Constructing a Linux-Based Network Testing System?

10Brett-T asks: "Is it possible to build a Linux box with two interfaces to test a network's ability to carry traffic between two ports? I work for a company developing ethernet switching hardware. We need to test its ability to carry traffic correctly under a variety of conditions. Various vendors have expensive test platforms available that may or may not do the tests we want, but we have a tight budget. We decided to try building a Linux system with two ethernet interfaces, and modify the routes to force the traffic to go across the network. Testing would be as simple as running an FTP connection between a client on one interface and a server on the other. This would be a great victory for Linux in our company, if I could get it working. The problem is that I cannot figure out how to bypass the Linux kernel's TCP/IP stack routing optimization. All the combinations of routing table modifications and iptables that I've tried still don't make the packets flow out the interfaces and on the wire instead of within the stack. Has anyone else tried something like this before? How did/would you approach this?"

forget Linux, try OpenBSD

[Permission+Denied]

OpenBSD has a number of features to do the "transparent" routing which you desire - basically, you can plug in two interfaces and route from one to the other without changing the packets at all. The OpenBSD box basically looks just like a hub or a dumb switch to its peers, eg, it doesn't even have an IP address assigned to either interface, it doesn't decrement ttl, it doesn't do TCP optimizations, etc. As far as I know, this is not possible with Linux and it sounds like this is exactly what you want. See this page for more information.
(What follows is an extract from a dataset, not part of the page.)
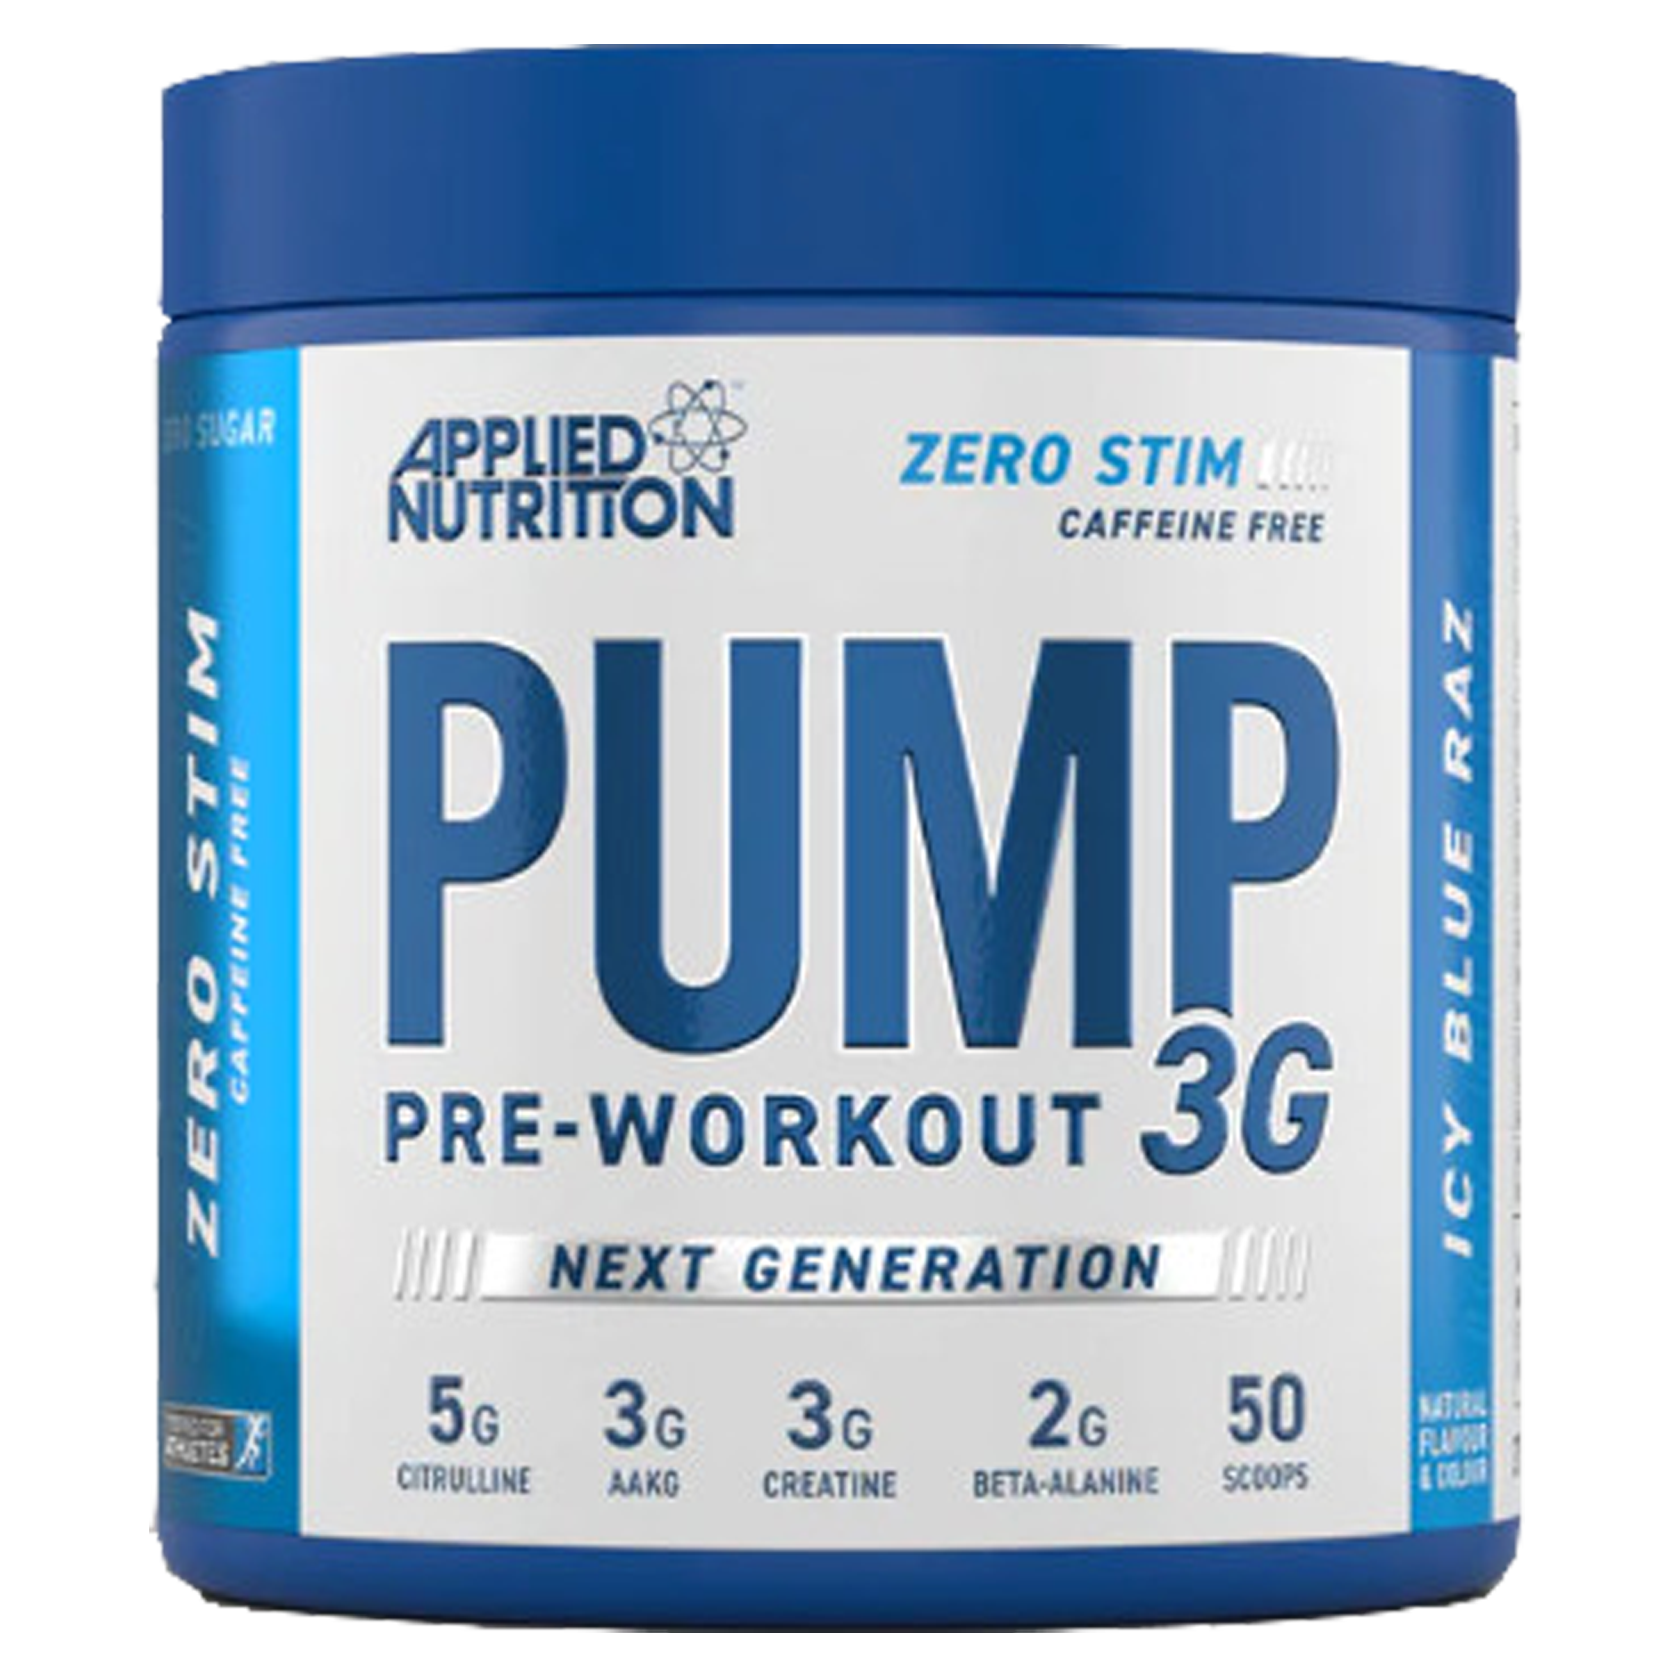 Pump 3G Pre Workout Applied Nutrition 50 scoops vị Icy Blue Raz không có
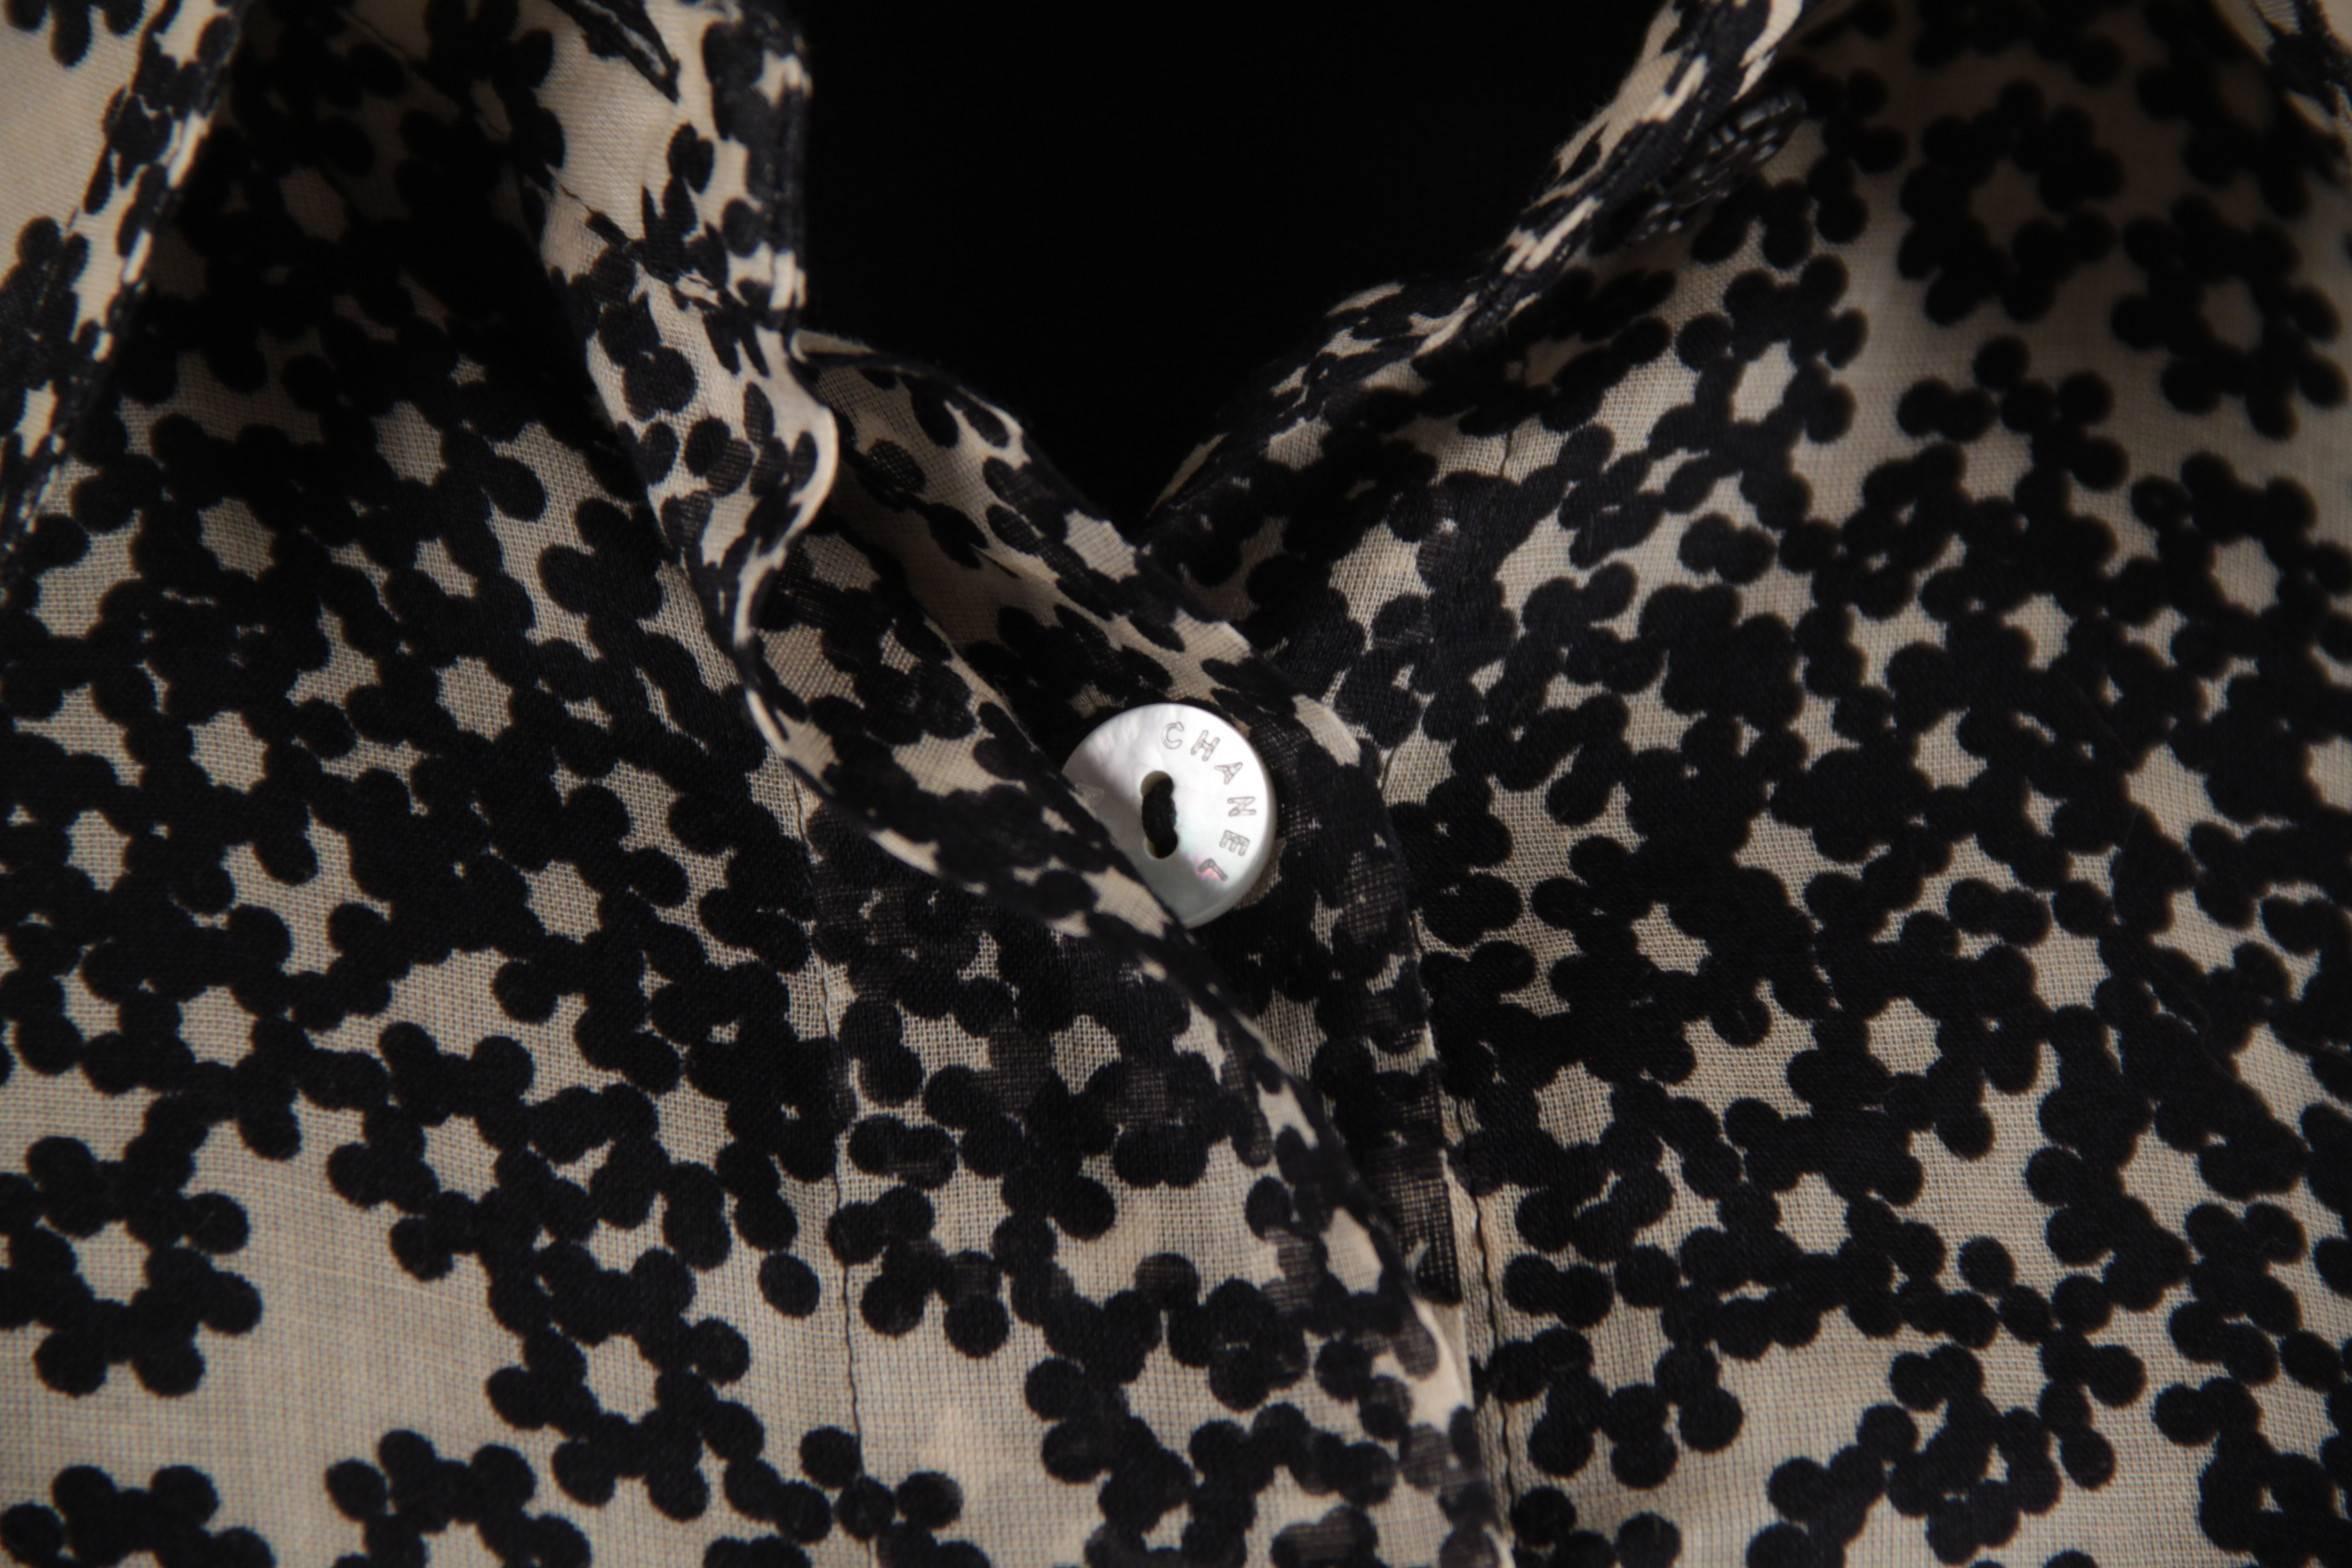 Women's CHANEL Beige & Black FLORAL Pure Cotton SHIRT Blouse 3/4 Sleeves SIZE 38

Re:forget Linux, try OpenBSD

[Permission+Denied]

Which means that the OpenBSD acts as a repeater (a hub) without any IP addresses on the 2 NICs, and without touching the packets it lets go through. Have I correctly understood what you said OpenBSD can do?

Yes, this is exactly correct.

His goal is to send packets on NIC 1, through his switching equipment, then through NIC 2, and check for errors.

You explained it more clearly than he did :)

This makes sense - it's much easier to write single a simple program that sends out data and then reads it back in, checking for errors, than it is to write two programs which run on separate machines to check the integrity.

My suggestion would then be to modify the kernel. I imagine it shouldn't be too hard to find the place in the kernel where it does this optimization and simply comment it out. Whenever I've needed to make a simple modification to the Linux kernel (like allowing people in group 80 to listen on port 80 to ensure my web server never starts as root, and simple stuff like that), I've found that the Linux kernel is pretty easy to grok and modify. In addition, this will show his management the power of having source code (one of his goals), as this sort of modification would probably be really hard to do with Windows :)

Ditto

[Clue4All]

The problem is that I cannot figure out how to bypass the Linux kernel's TCP/IP stack routing optimization. All the combinations of routing table modifications and iptables that I've tried still don't make the packets flow out the interfaces and on the wire instead of within the stack.

Nor could I. I spent the past year working on a thesis-like project for undergraduates building a new queueing mechanism using the Linux kernel. Using only one 300 Mhz processor and saturating two 100 BaseT interfaces would suck down about 1/3 of the CPU, and I found no way to bypass the stack. FreeBSD and OpenBSD can do it transparently if you want to give them a try.